Abstract

646 Background: Total proctocolectomy (TPC) with ileal pouch is considered the procedure of choice in classic familial adenomatous polyposis (FAP), but total colectomy (TC) with rectal sparing can be performed in selected cases. The objective of this study is to determine and compare the incidence of methacronous cancer in the remanescent rectum in patients submitted to TPC or TC. Methods: We performed a retrospective analysis of 55 patients operated beteween 1992 and 2011. Patients were identified from 34 FAP families, registered at the AC Camargo Hereditary Colorectal Cancer Registry.

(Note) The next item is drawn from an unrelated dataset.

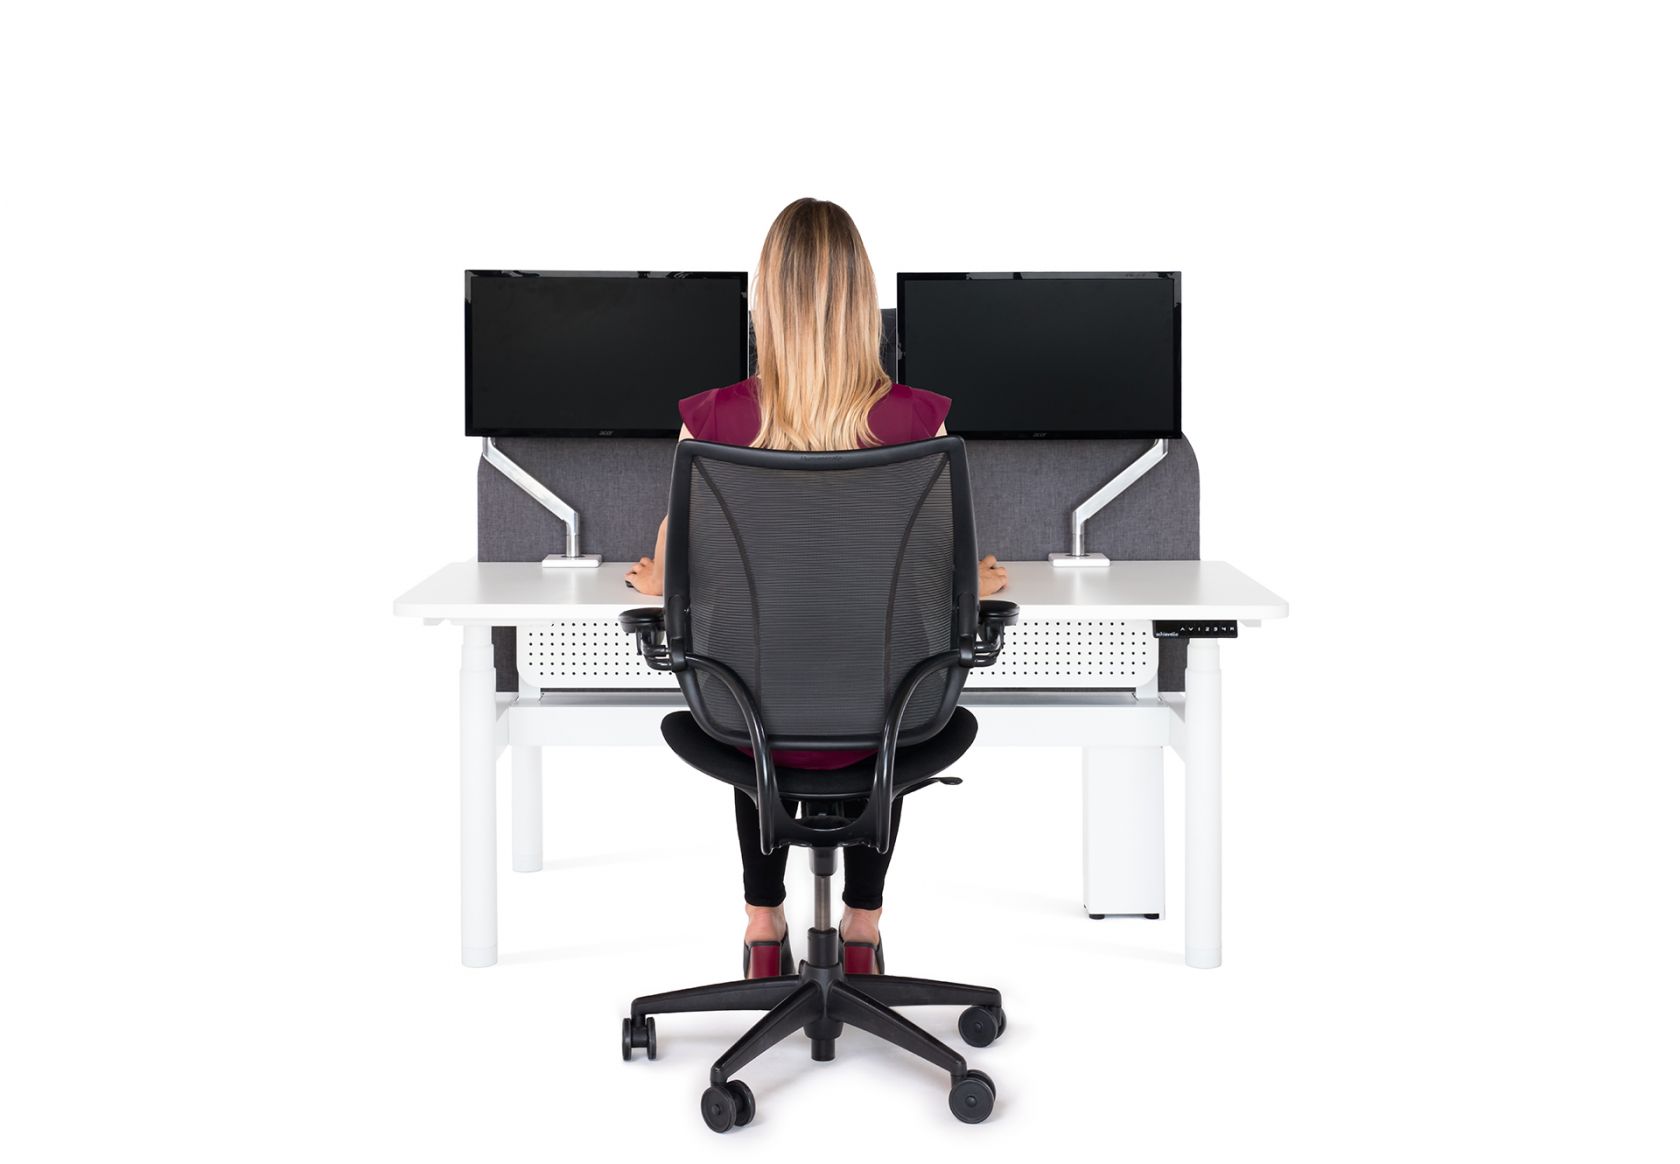 Neo Workstation and Liberty Mesh Chair

Patients with attenuated FAP were excluded. The main endpoint was the occurence of cancer at the remanescent rectum. Results: Thirty seven patients were submitted to TPC and 18 to TC with ileo-rectal anastomosis. Among patients submitted to TPC, just one (2.7%) had methacronous adenocarcinoma just above the dentate line. Among patients submitted to TC with rectal sparing, 4 (22.2%) have another cancer at the remanescente rectum. This difference was statistically significant (0.035). The stage was initial in all cases, and all patients were submitted to salvage surgery. No deaths related to rectal cancer had occured. Conclusions: Surgical treatment of classical FAP still remains proctocolectomy with ileal pouch, whenever possible. Considering that methacronous cancer uses to be detected in initial stages, rectal sparing can be considered in very selected cases of classical FAP.